→ **Collected data**:
****************************************
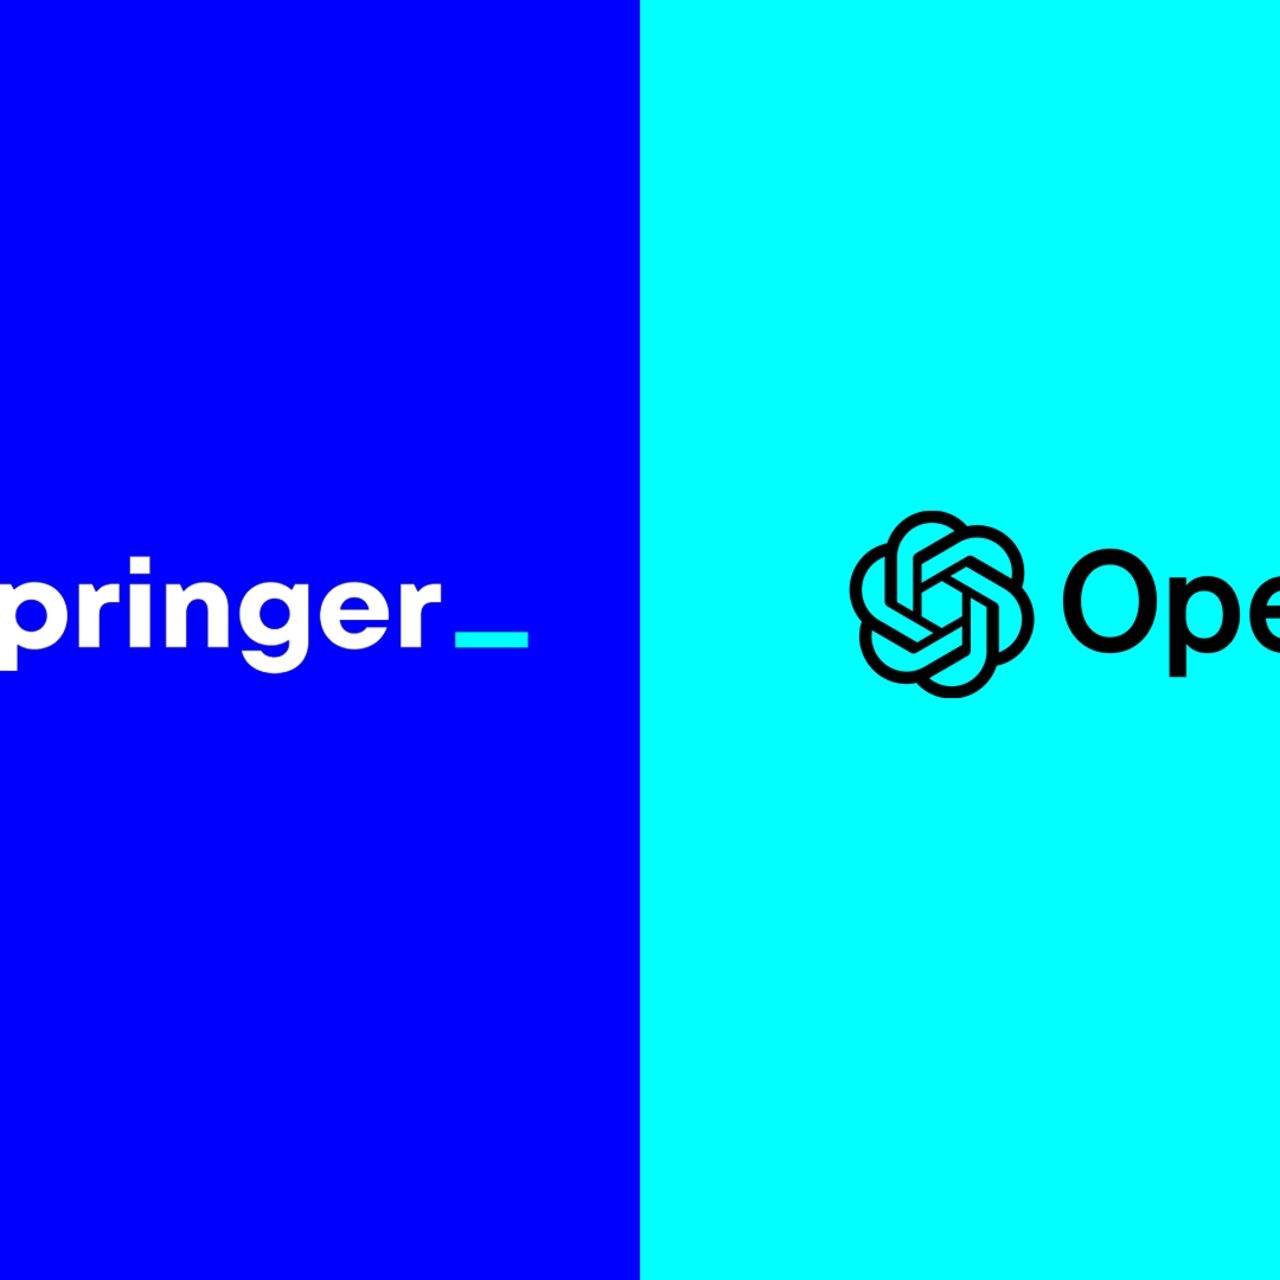 Jurnalistika: Axel Springer və OpenAI süni intellekt əsrində müstəqil jurnalistikanı gücləndirmək üçün qlobal tərəfdaşlıq elan etdilər
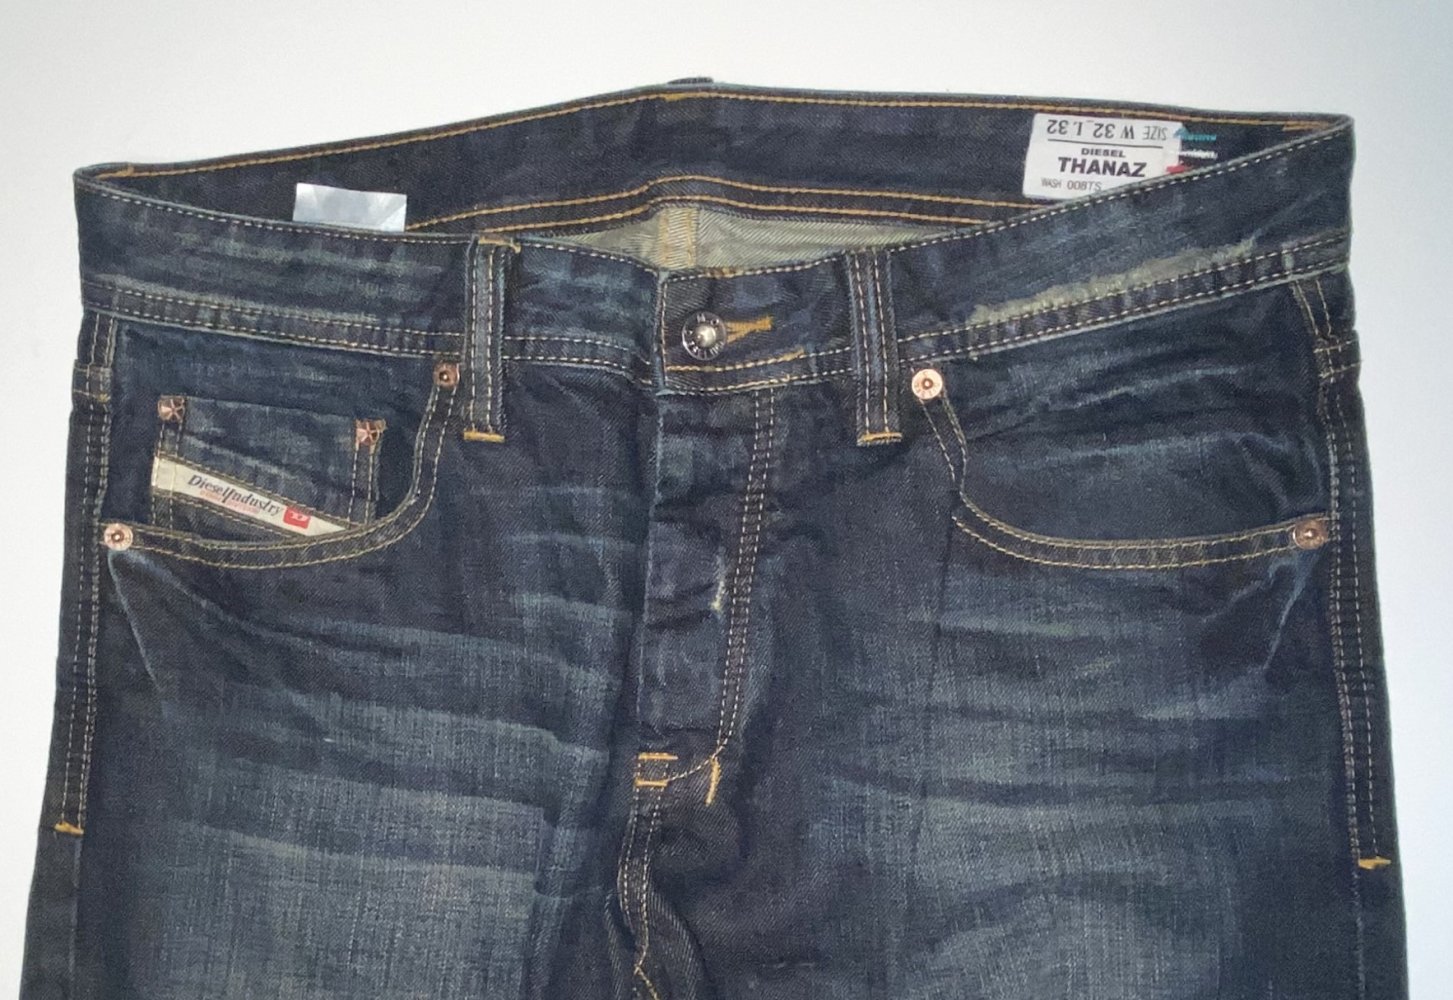 diesel - Diesel Herren Jeans in der Größe M (32/32) im sehr guten Zustand  :: Kleiderkorb.de
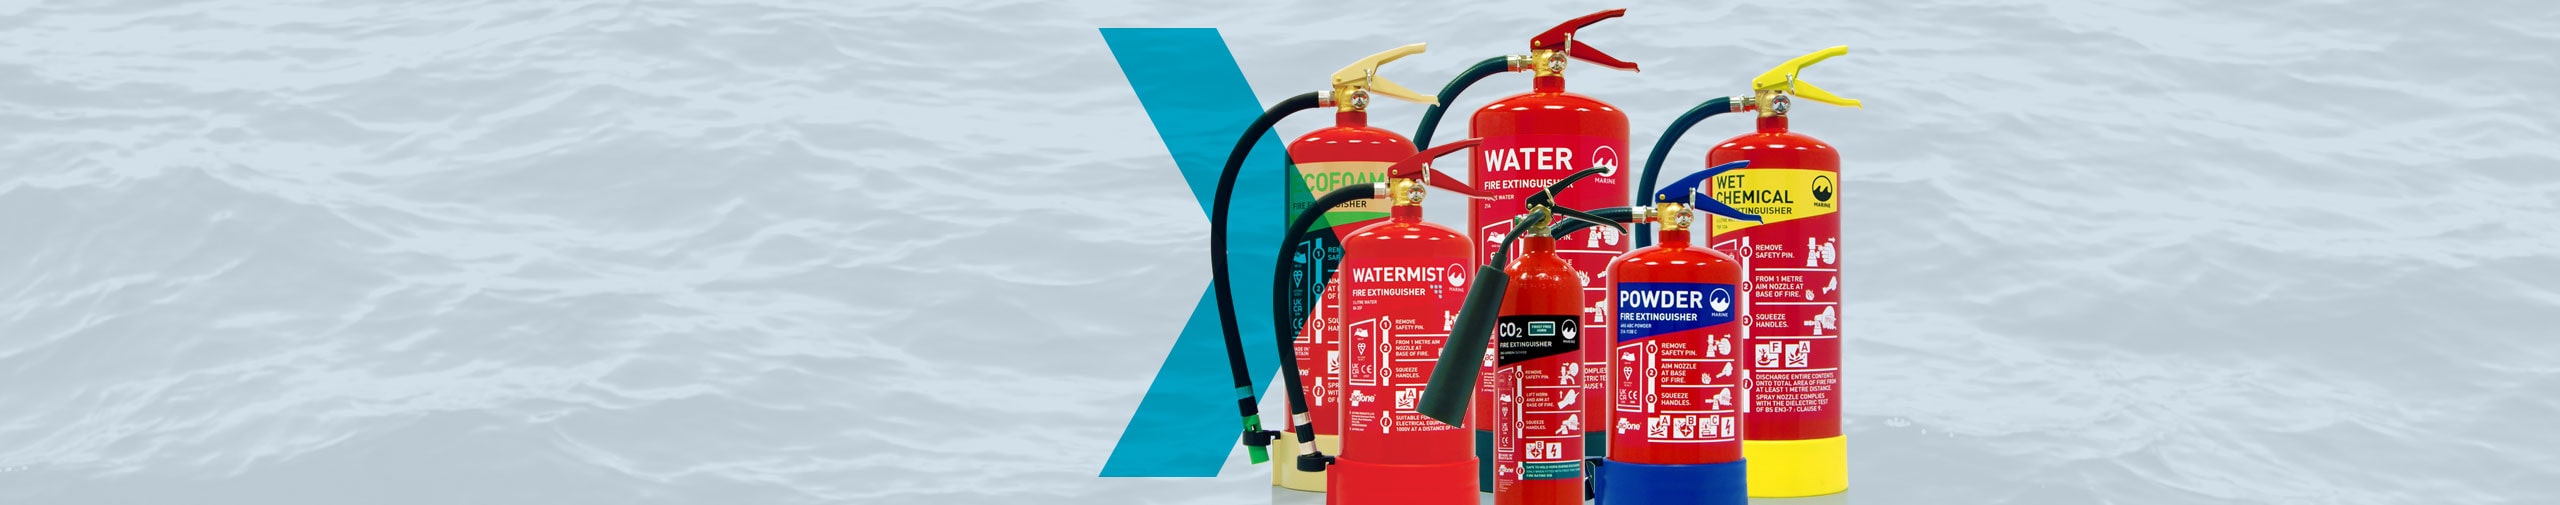 Jactone Marine Fire Extinguishers
****************************************
→ **What to work on**: Only the pictures are to be left out; print everything else in the listing exactly.

→ **Task result**:
 Jurnalistika: Axel Springer və OpenAI süni intellekt əsrində müstəqil jurnalistikanı gücləndirmək üçün qlobal tərəfdaşlıq elan etdilər
 diesel - Diesel Herren Jeans in der Größe M (32/32) im sehr guten Zustand  :: Kleiderkorb.de
 Jactone Marine Fire Extinguishers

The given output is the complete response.